We also analyzed the genomic sequence of around 4 kb of Sobic.006G249100 including the promoter, 5’UTR, ORF and 3’UTR regions by Sanger DNA sequencing. Sobic.006G249100 codes a small protein with 94 amino acids, which only contains one exon without introns. The sequencing result of indicated that there was no difference in the promoter, 5’UTR, ORF and 3’UTR regions between Jin5 and Dgs mutant. Compared with the reference genome BTx623, a single base substitution from G to T (the amino acid changed from A to S) in the ORF was present in both Dgs mutant and Jin5. Moreover, multiple substitutions and insertion/deletions were present in the promoter, 5’UTR and 3’UTR of Sobic.006G249100 in both Dgs mutant and Jin5 (Fig. 6b), indicating that these mutations were not the cause to twin-seeded phenotype.

Given that Dgs mutation is controlled by a single dominant gene, the mutations of the upstream region of the candidate gene might result in overexpression in the Dgs mutant.

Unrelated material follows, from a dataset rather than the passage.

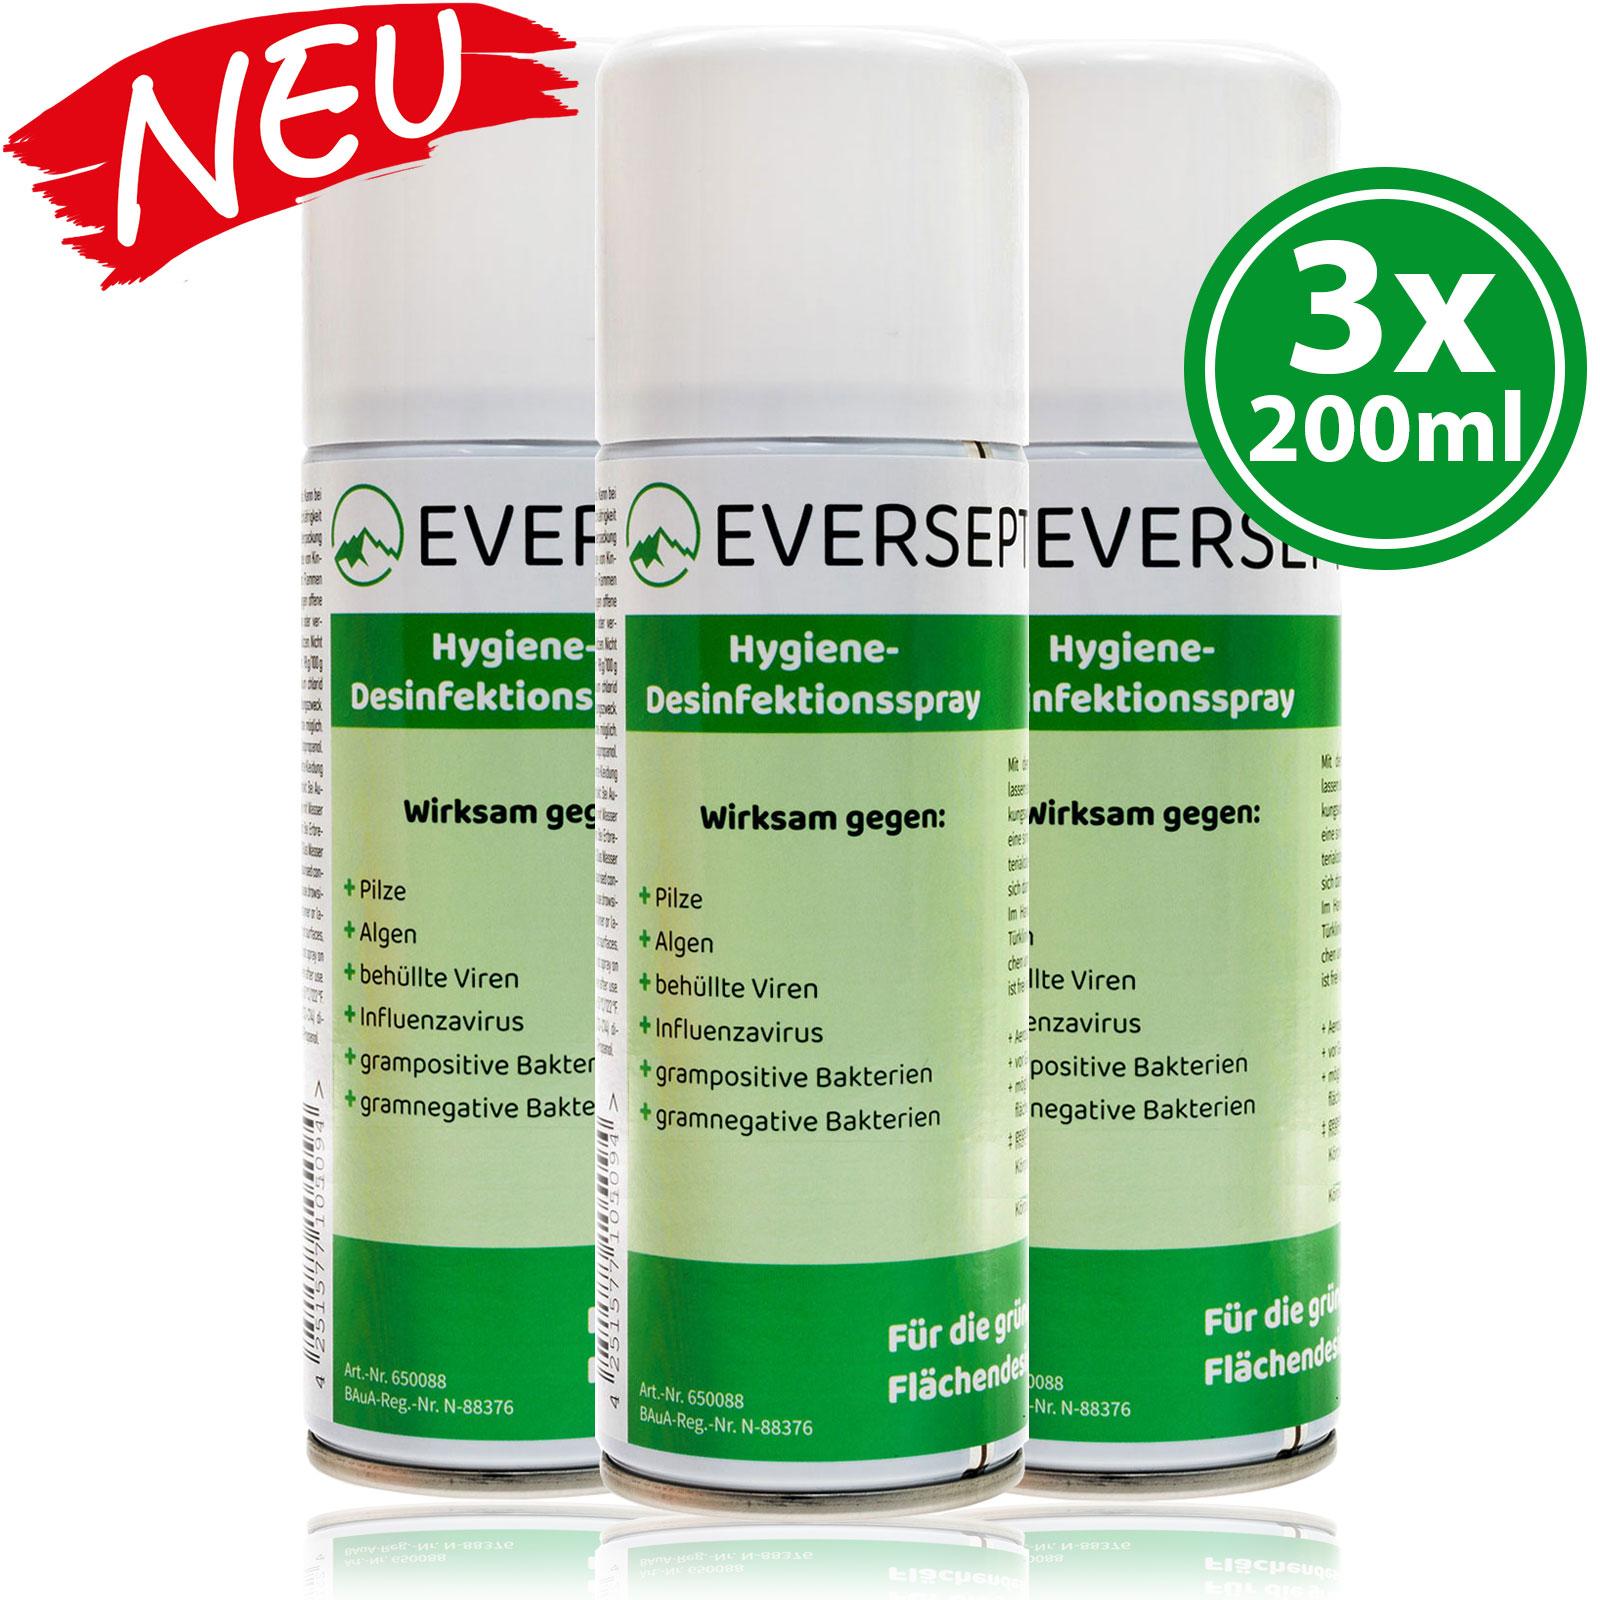 Eversept Hygiene Desinfektionsspray 200ml Aerosol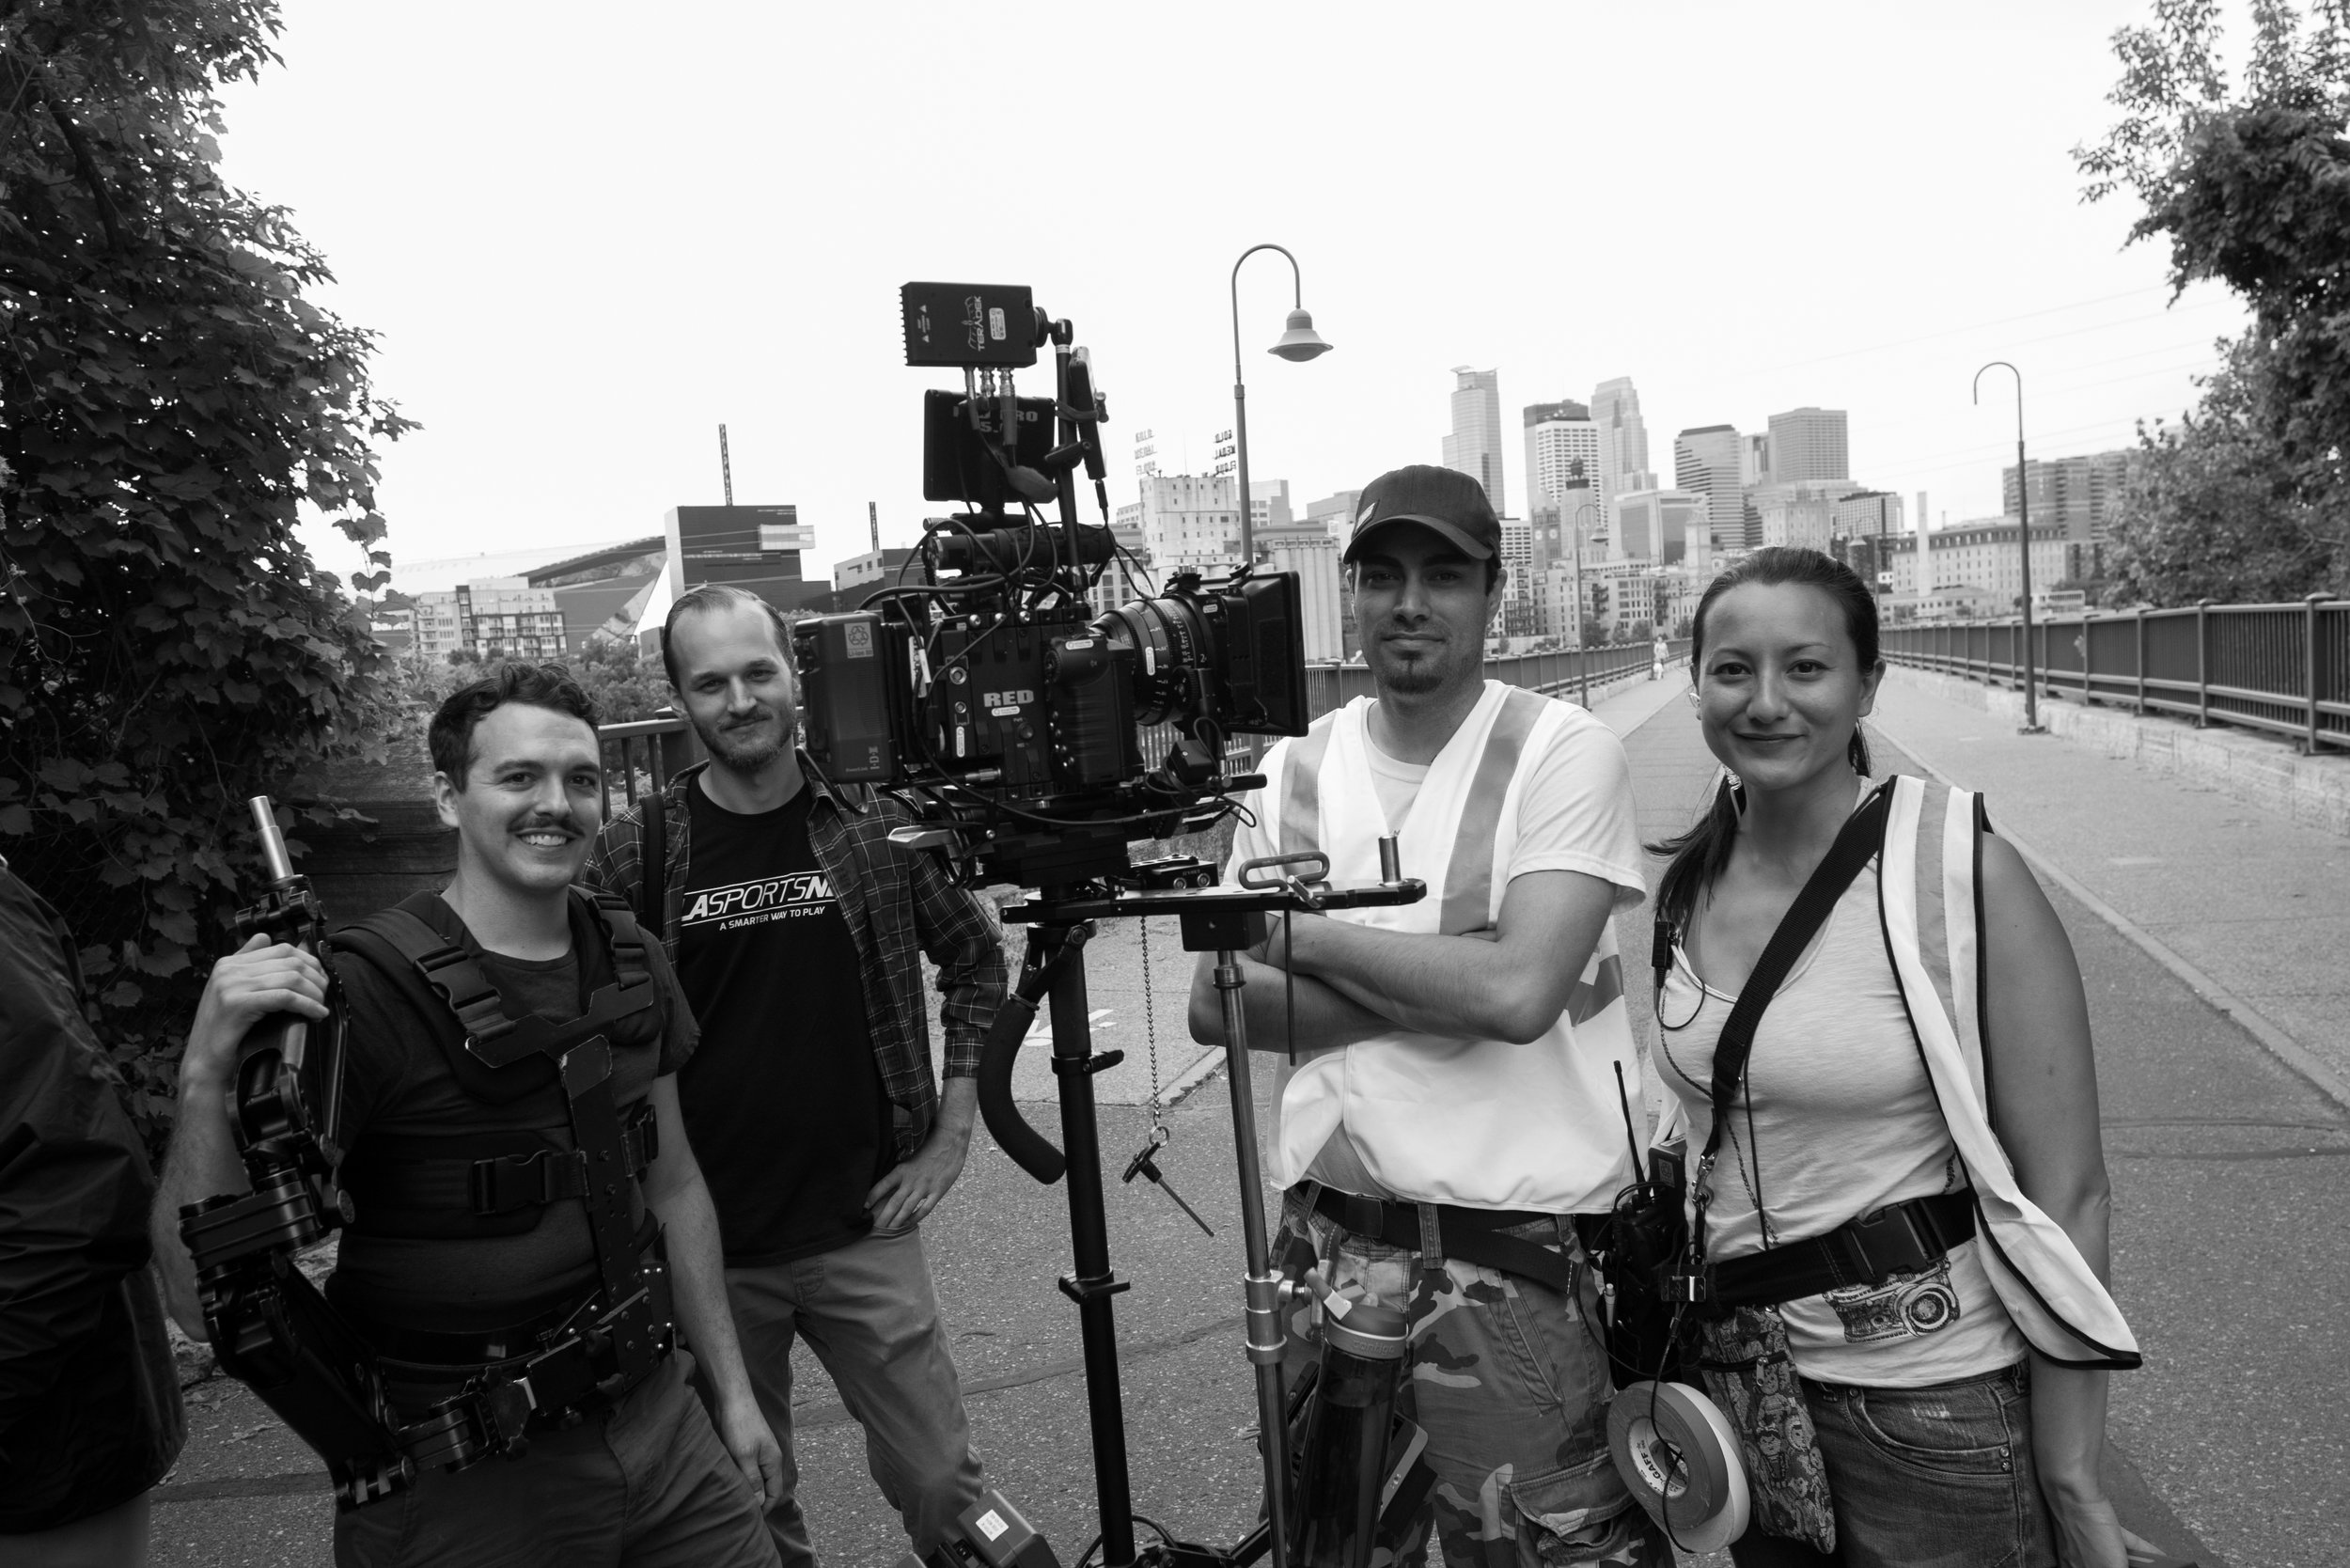 Camera Department Left to right: Jesse Meehl, Vaughn Potter, Mark Hobz, Frederique Imbert (me)

Therefore, to verify whether the deletions in the 5’UTR region of Sobic.006G249000 in Dgs mutant affect its expression, we tested the expression level of Sobic.006G249000 in the inflorescence of Dgs mutant and Jin5 using semi-quantitative RT-PCR and RT-qPCR. The results from both methods showed no significant difference in mRNA level of Sobic.006G249000 between Jin5 and Dgs mutant (Fig. 6c), suggesting that the mutations of the 5’UTR region of Sobic.006G249000 in Dgs mutant didn’t affect the expression level of Sobic.006G249000. We further detected the expression level of Sobic.006G249100 in the inflorescence of Dgs mutant and Jin5. The result showed that mRNA level of Sobic.006G249100 was significantly up-regulated in Dgs mutant (Fig. 6d). The relative mRNA level of Sobic.006G24910 in Dgs mutant was 10 times of that in Jin5 from the RT-qPCR results (Fig. 6d), indicating that Sobic.006G249100 may be the candidate gene for Dgs.

Discussion

Spikelets are the constituent units of various types of inflorescence structures in Poaceae plants. Sorghum spikelets contain PS and SS, which are sterile and fertile, respectively. The molecular mechanisms underlying the development and evolution of the sorghum spikelets are still unclear. In the current study, we found a twin-seeded mutant sorghum, named Dgs, with each floret having two carpels and six stamens in one pair of glumes on the SS, ultimately resulting twin grains on each SS. In previous study, we mapped the Dgs gene to a region of 404 kb on chromosome 6 (Zhou et al. 2022). In the current study, the Dgs was further delimited into a region of 210 kb, which contained 32 predicted genes (Table S2) and the floral organ developmental progress was characterized using SEM method.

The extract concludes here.